In context parallel scenario (i.e. prefill_context_parallel_size * decode_context_parallel_size > 1), "cudagraph_mode" is not sufficiently supported to be set to "FULL" yet.
This guide provides instructions for using Ascend Graph Mode with vLLM Ascend. Please note that graph mode is only available on V1 Engine. And only Qwen, DeepSeek series models are well tested from 0.9.0rc1. We will make it stable and generalized in the next release.
From v0.9.1rc1 with V1 Engine, vLLM Ascend will run models in graph mode by default to keep the same behavior with vLLM. If you hit any issues, please feel free to open an issue on GitHub and fall back to the eager mode temporarily by setting `enforce_eager=True` when initializing the model.

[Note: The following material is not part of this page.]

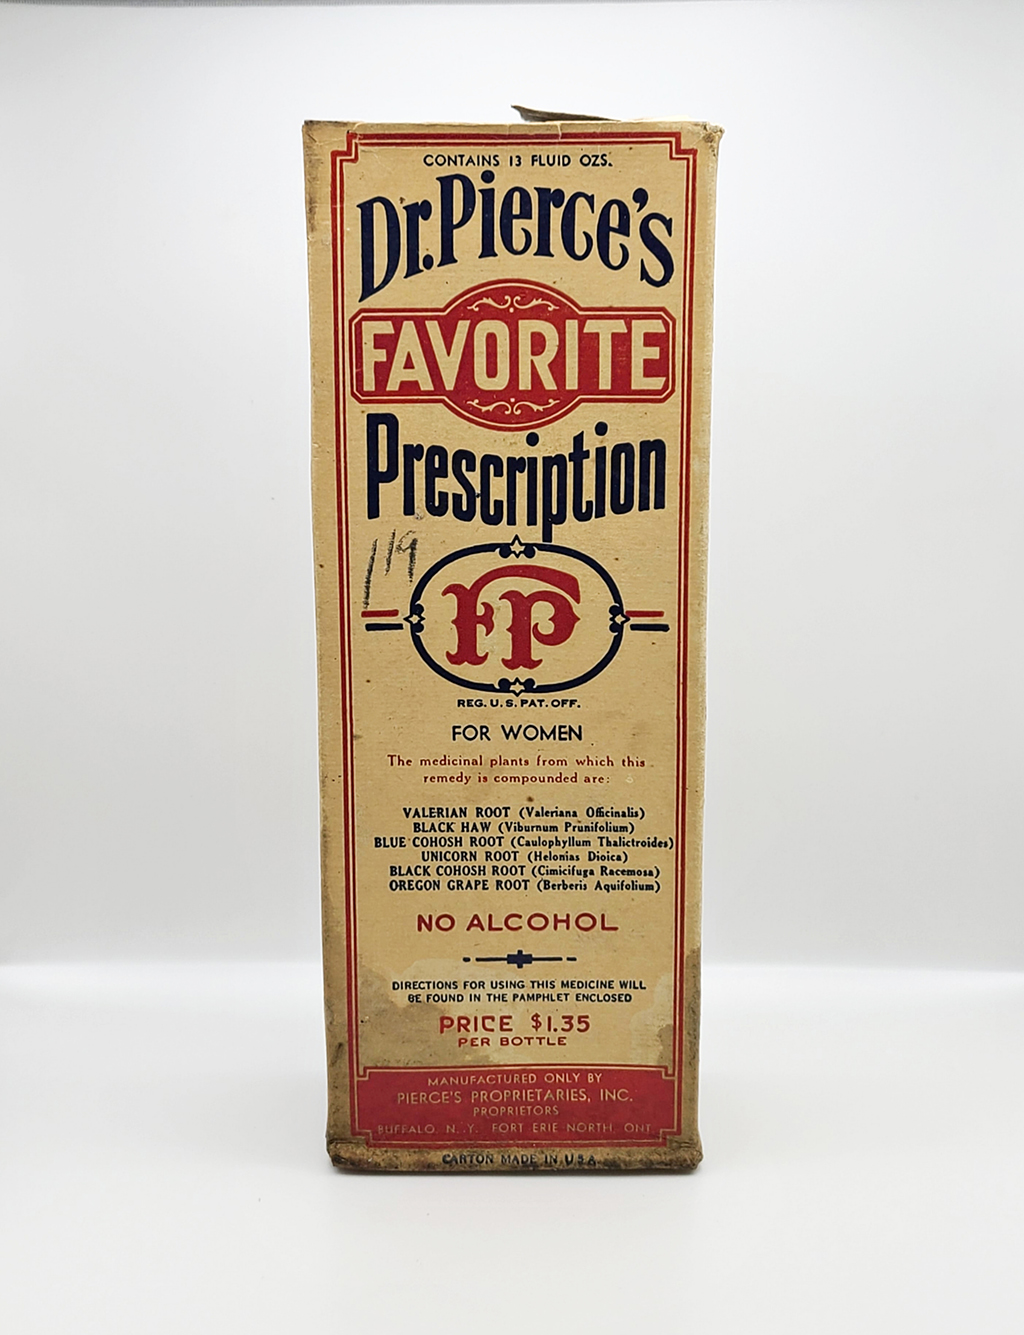 Ivory, red and blue box contains a label for "Dr. Pierce's Favorite Prescription"

- **ACLGraph**: This is the default graph mode supported by vLLM Ascend. In v0.9.1rc1, Qwen and DeepSeek series models are well tested.
- **XliteGraph**: This is the OpenEuler Xlite graph mode. In v0.11.0, only Llama, Qwen dense series models, Qwen MoE series models, and Qwen3-VL are supported.
If you want to run Llama, Qwen dense series models, Qwen MoE series models, or Qwen3-VL with Xlite graph mode, please install xlite, and set xlite_graph_config.